We all let out sighs of relief as we narrowly escaped the attack unharmed. Once through the warp, we were under immediate attack again! But this was a very different place. I was still standing at one of the gates of my ship. The gates of my ship had port holes near the top of the 50+ foot high gates, so I climbed up the gate to look out of an opening. When I reached the top there were small cybernetic organisms perched around the window/opening. They began to fire at me, but with their limited mobility I was able to avoid being shot. I grabbed on to one of them and twisted it around forcefully. then what I recognized as a human popped up to the window area, and the little creatures stopped firing. The man held up what looked like a dollar bill with the letter 'A' in the places where we would expect to see numbers. He asked me if I could make a copy of it. I interpreted this as a test to see if I was loyal to america or what I later came to call "The Red, White, and Blue Civilization". I told the man that no, it was illegal to copy a dollar bill. The attack on our ship stopped, and we were directed into a giant ship that housed the population of a planet. The name, "The Red, White, and Blue Civilization" came from the constant chants "Red, White, and Blue!" that could be heard throughout the mothership. Thinking back, I heard the same chants from their fighter ships, but payed little attention to them then.

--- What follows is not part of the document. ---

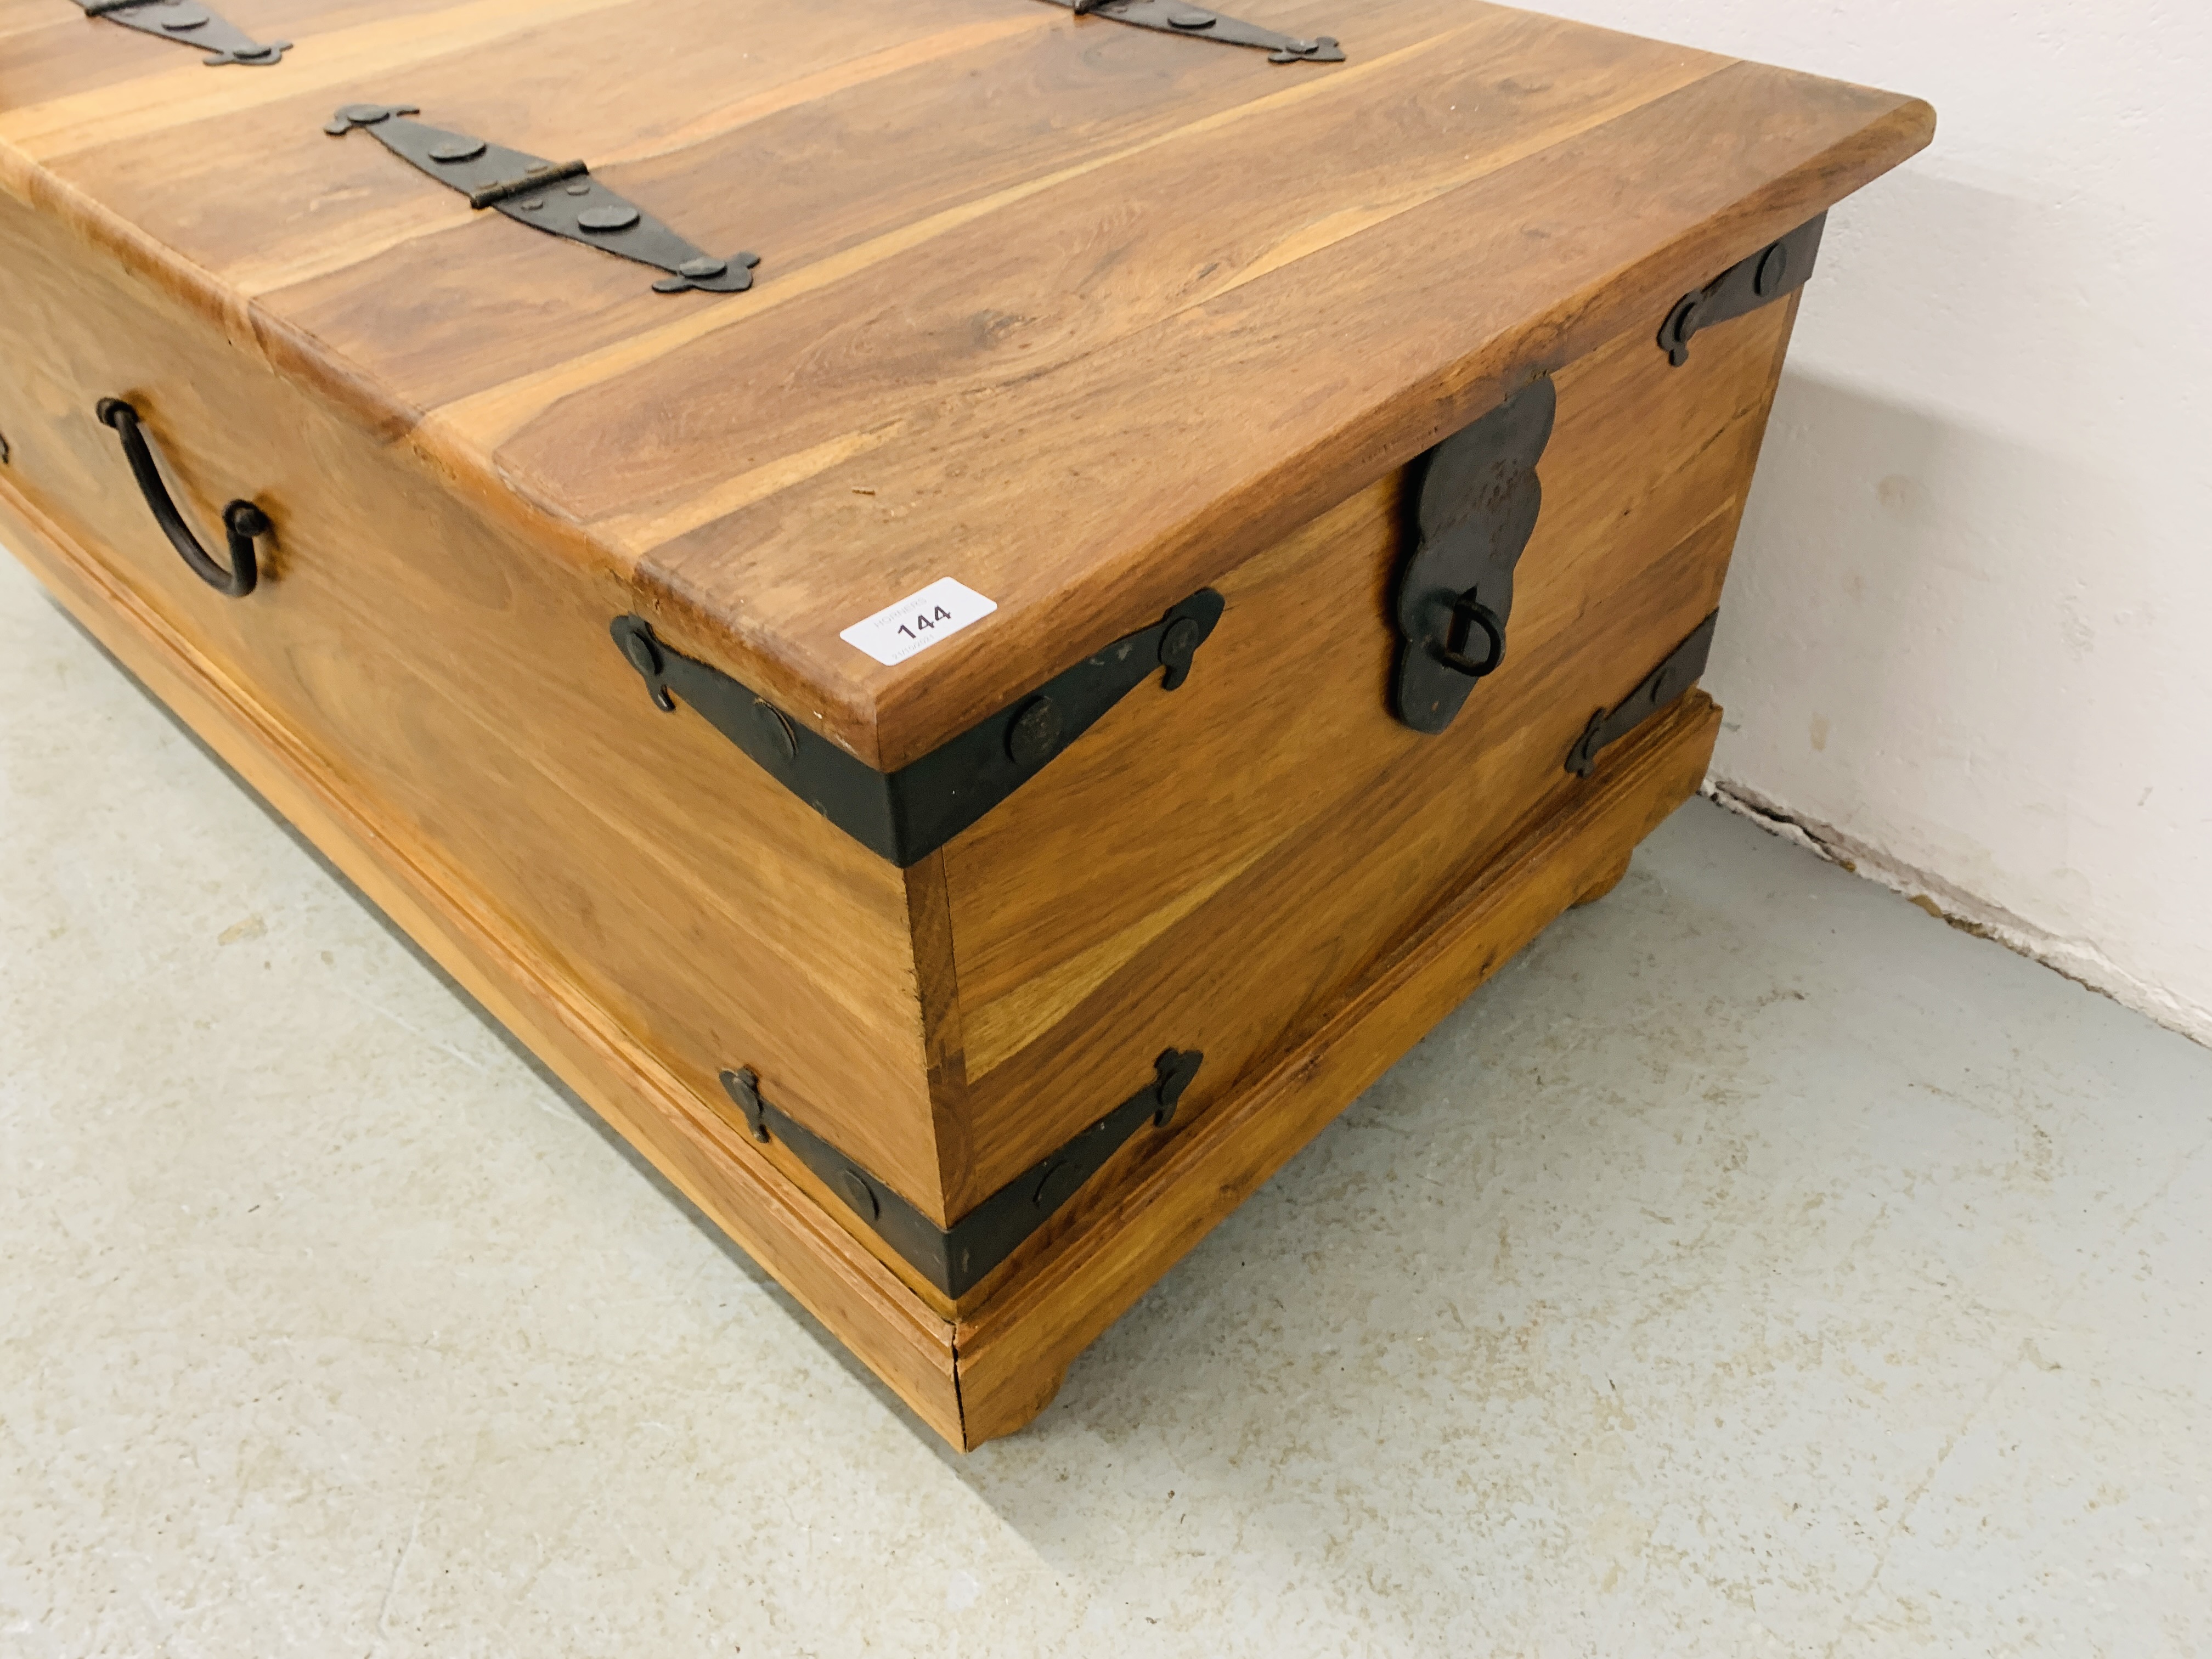 A MODERN HARD WOOD CHEST WITH METAL CRAFT HINGE AND DETAIL - Image 5 of 8

Shortly after boarding this giant ship, I began talking with a mother and her two boys. I found out that it was some time in the year 15,000 AD. I watched as some members of my ship were being escorted past us. Among them were elves and nymphs. I told the mother and boys about how we had found these creatures on a prior journey, and that we were preserving them on our ship. I told one of the elves "Its the year fifteen thousand!!". He shouted "Whoa!" and continued walking to wherever he and the others were being led. At one point I asked the mother how much a McDonalds Happy Meal cost, to which she replied "99 dollars." She was baffled when I told her that I had traveled from 2099, that I had originally come from 2004(which I pronounced twenty oh-four), and that in my time, a McDonalds Happy Meal was a mere five dollars. I asked her if her kids had any genetic modification, because I had read about it, and surely it would be a reality by now. Of her two boys, one had and one hadn't had modification. The one boy spoke up and told me that he had been given the choice at a young age keep genetic modifications that he had been given before birth, and he had chosen not to. This must have been the way the civilization had allowed themselves to justify genetic modificaftion. They would give every child the choice of being genetically modified or not at a young age, presumably after education on the subject. Apparently in this far future, modification can take place long after one has been born, since the boy was able to choose not to *keep* his genetic modifications. The other boy had "clonar" modification or something like that. His mother explained to me that he could sense things through solid matter. She also mentioned something about God. "If God puts something there, he can sense it." I remember thinking "Wow, Jon was right- religion has survived this long."